И Миша, и Ильчин, и Евлампия Петровна показали свое необыкновенное терпение, и в один присест я прочитал им ту треть романа, которая следовала за напечатанною. Вдруг, почувствовав угрызения совести, я остановился, сказав, что дальше и так все понятно. Было поздно.

Между слушателями произошел разговор, и, хотя они говорили по-русски, я ничего не понял, настолько он был загадочен.
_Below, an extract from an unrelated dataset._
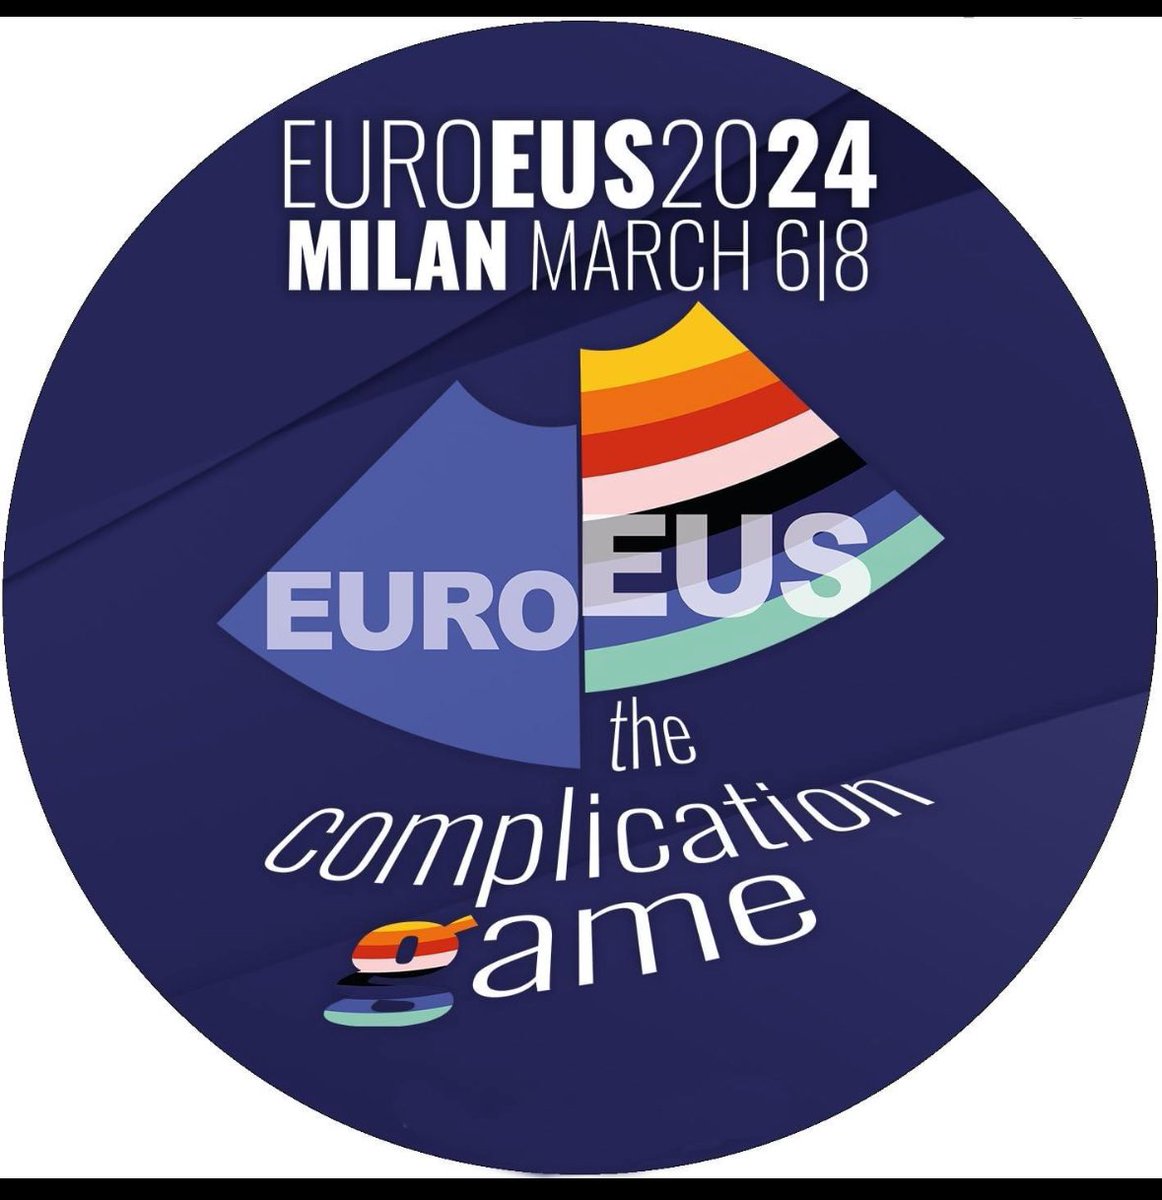 Inviting all “EUS enthusiasts” from all over the Globe to EURO EUS 2024. Theme “Adverse events”. Who talks about complications? Hear from the experts their story. #PaoloArcidiacono @JulioIglGar @AnandSahaiEUS @ChahalPrabhleen #ErwinSanto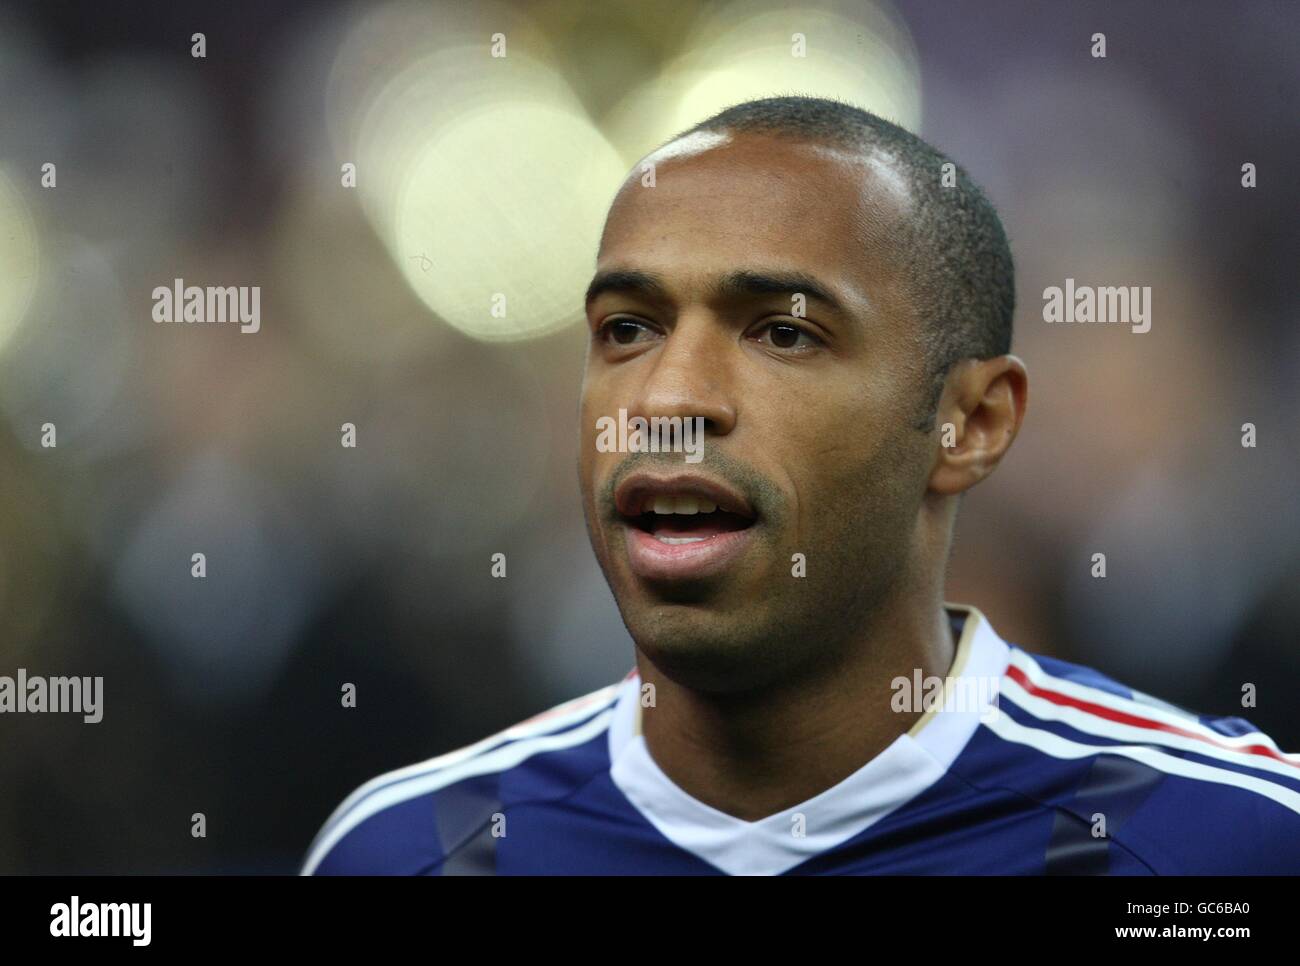 Soccer - FIFA World Cup 2010 - Play Offs - Second Leg - France v Republic of Ireland - Stade de France. France captain Thierry Henry Stock Photo

Миша имел обыкновение, обсуждая что-либо, бегать по комнате, иногда внезапно останавливаясь.

— Осип Иваныч? — тихо спросил Ильчин, щурясь.

— Ни-ни, — отозвался Миша и вдруг затрясся в хохоте. Отхохотавшись, он опять вспомнил про застреленного и постарел.

— Вообще старейшины… — начал Ильчин.

— Не думаю, — буркнул Миша.

Дальше слышалось: «Да ведь на одних Галиных да на подсобляющем не очень-то…» (Это — Евлампия Петровна.)

— Простите, — заговорил Миша резко и стал рубить рукой, — я давно утверждаю, что пора поставить этот вопрос на театре!

— А как же Сивцев Вражек? (Евлампия Петровна.)

— Да и Индия, тоже неизвестно, как отнесется к этому дельцу, — добавил Ильчин.

— На кругу бы сразу все поставить, — тихо шептал Ильчин, — они так с музычкой и поедут.

— Сивцев! — многозначительно сказала Евлампия Петровна.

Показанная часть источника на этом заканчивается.